The Many South Carolinas in the Americas

Conflict over centralization, political power, and national identity were not unique occurrences in the Americas during the middle decades of the 19th century.

We should not forget secessionism when exploring comparisons with Latin America. Around the mid-nineteenth century, states were fragile entities and ill-defined. There was much conflict about the political organization of states, their constitutional framework, questions of who belong to the nation, the uncertainty regarding the power balance between states/provinces and central authority, and between executive and legislative branches of government. While in the United States, we are familiar with how these fragilities and questions eventually escalated the relationship between the United States and South Carolina, I want to suggest that South Carolina was not an isolated case in the Americas. By understanding that dissatisfaction and rebellion were common place as states evolved and matured, we gain a better understanding of the challenges state builders in the Americas faced during the nineteenth century. Secessionism in Peru and Argentina reveal how the United States was part of the American state experiment and not separate from it.

Peru and specifically the southern province of Arequipa illustrate the contested process of state and nation building during the nineteenth century with Arequipa proudly holding on to its separate identity. Created initially by the region’s indigenous people, the Spanish conquerors eventually took over the town of Arequipa. During the wars of independence, the province and city of Arequipa remained largely uninvolved and Spanish occupied until Peruvian independence in 1824. Ironically, it was Arequipa that became the rebellious province during the middle decades of the nineteenth century. Historian Thomas Love observed that “Arequipeños’ [have an] inflated, exceptionalist sense of themselves.” Something we could easily say about South Carolinians, Alabamians, or Texans in the antebellum United States.

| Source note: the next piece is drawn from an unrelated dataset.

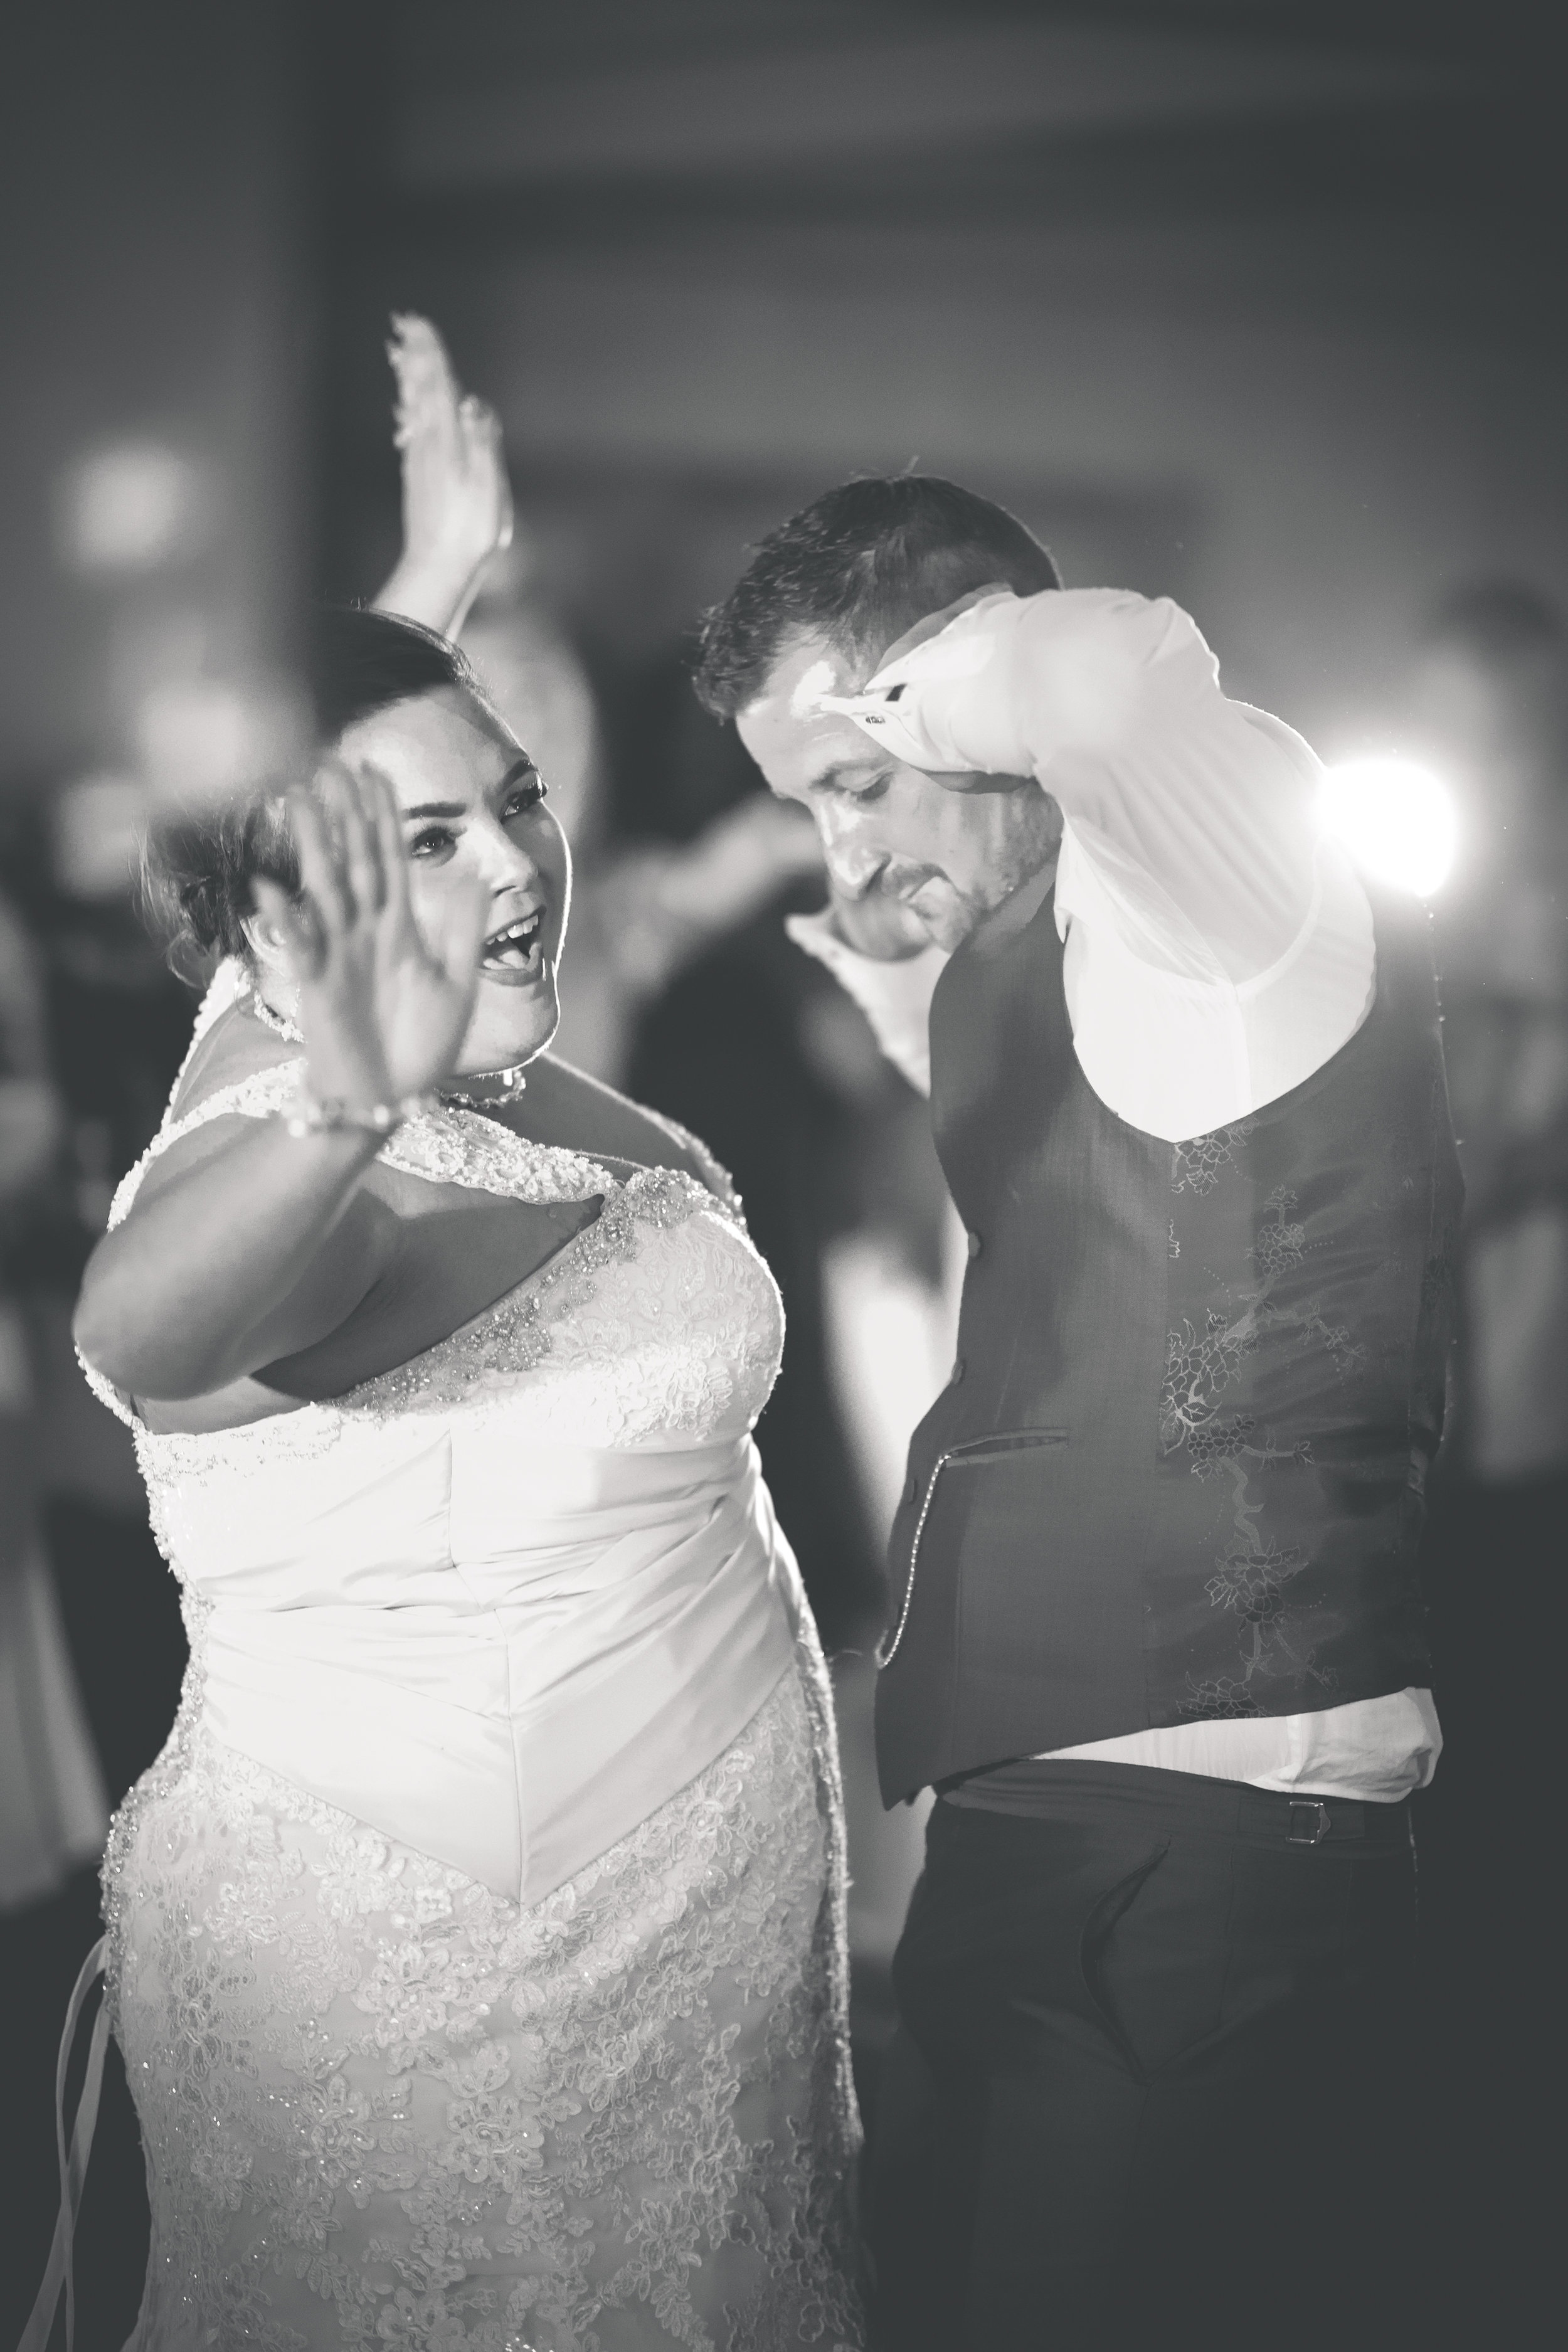 Antoinette & Stephen - First Dance | Brian McEwan Photography | Wedding Photographer Northern Ireland 28.jpg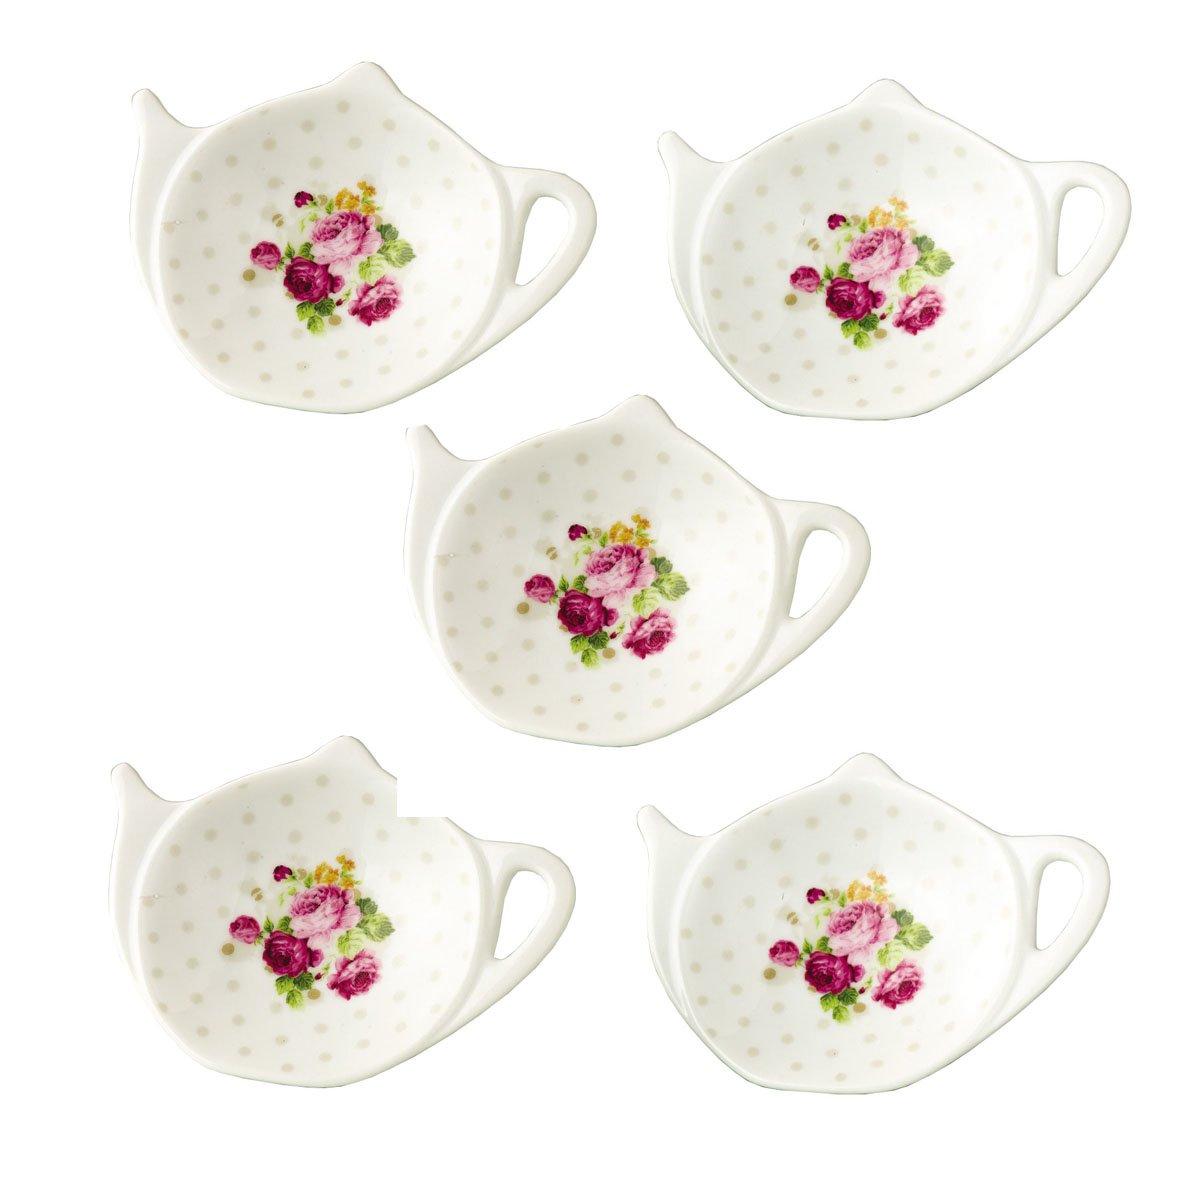 White Porcelain Ceramic Set with Flower Trim Teapot-Shaped Tea Bag Holder Tea Bag Coasters, Spoon Rests; Classic Tea Saucer Seasoning Dish Set (XQX)

While the social differences—slavery—between Arequipa and South Carolina are significant, there was much that united the two provinces. Like white South Carolinians, Arequipeños had a reputation of being quarrelsome. Arequipa was at the forefront of the political upheavals that plagued Peru during the 1850s and 1860s. When Domingo Elías challenged the national government of José Rufino Echenique, it was the rebellion in Arequipa province that turned the tide against Echenique. Elías had taken issue with Echenique’s financial policies. He viewed the payment of War of Independence damages and debts as a form of government corruption. Offering even more possibilities for comparative analysis, Arequipa suffered its own internal civil war during the Liberal Revolution of 1854 with factions loyal to Castilla fighting Echenique’s troops. However, loyalties to one leader or the other could be brief as Arequipeños looked after their interests first.